Here's a paper on LRO stationkeeping. The fundamental problem is articulated on page 3:
LRO will fly in a mean 50 km mission orbit that, for scientific purposes, would ideally be
a perfectly circular orbit. Due to the lunar non-spherical gravity, however, long term
propagations of low lunar orbits show significant altitude variations and secular drift in
periselene and aposelene altitudes. In fact, this drift will cause the orbit's periselene
altitude to decrease until the spacecraft collides with the surface of the moon. . . . .

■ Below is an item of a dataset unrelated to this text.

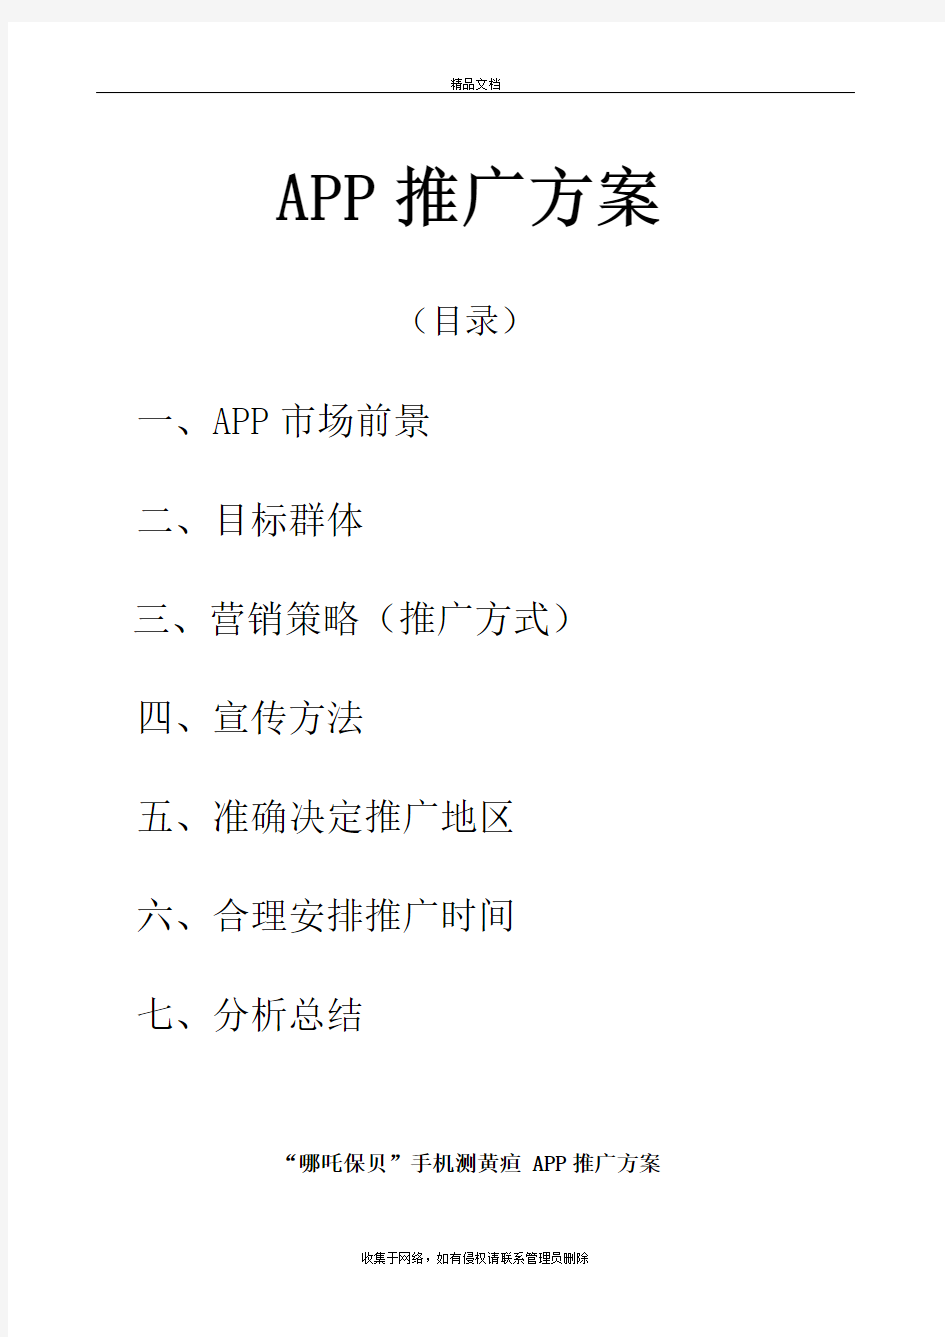 APP推广方案教程文件

A spacecraft in an initially circular polar orbit about the moon at an altitude of 50 km will impact the Moon in approximately 41 days, assuming an altitude of 12 km for impact - the height of the tallest mountains on the moon. At 100 km altitude, the impact is delayed until about 150 days. At 200 km altitude, impact is avoided as the altitude variations are bounded. Therefore, a 200 km orbit is valuable since stationkeeping costs are eliminated. For orbits at 100 km and below, stationkeeping maneuvers are required to maintain altitude control.
The paper goes on to analyse stationkeeping requirements and maneuvers, and concludes:
In its $\Delta$V budget, LRO has 150 m/s allocated to stationkeeping for a one year nominal
mission duration. As demonstrated through analysis, this allocation is sufficient to meet
the five mission constraints for stationkeeping maneuvers.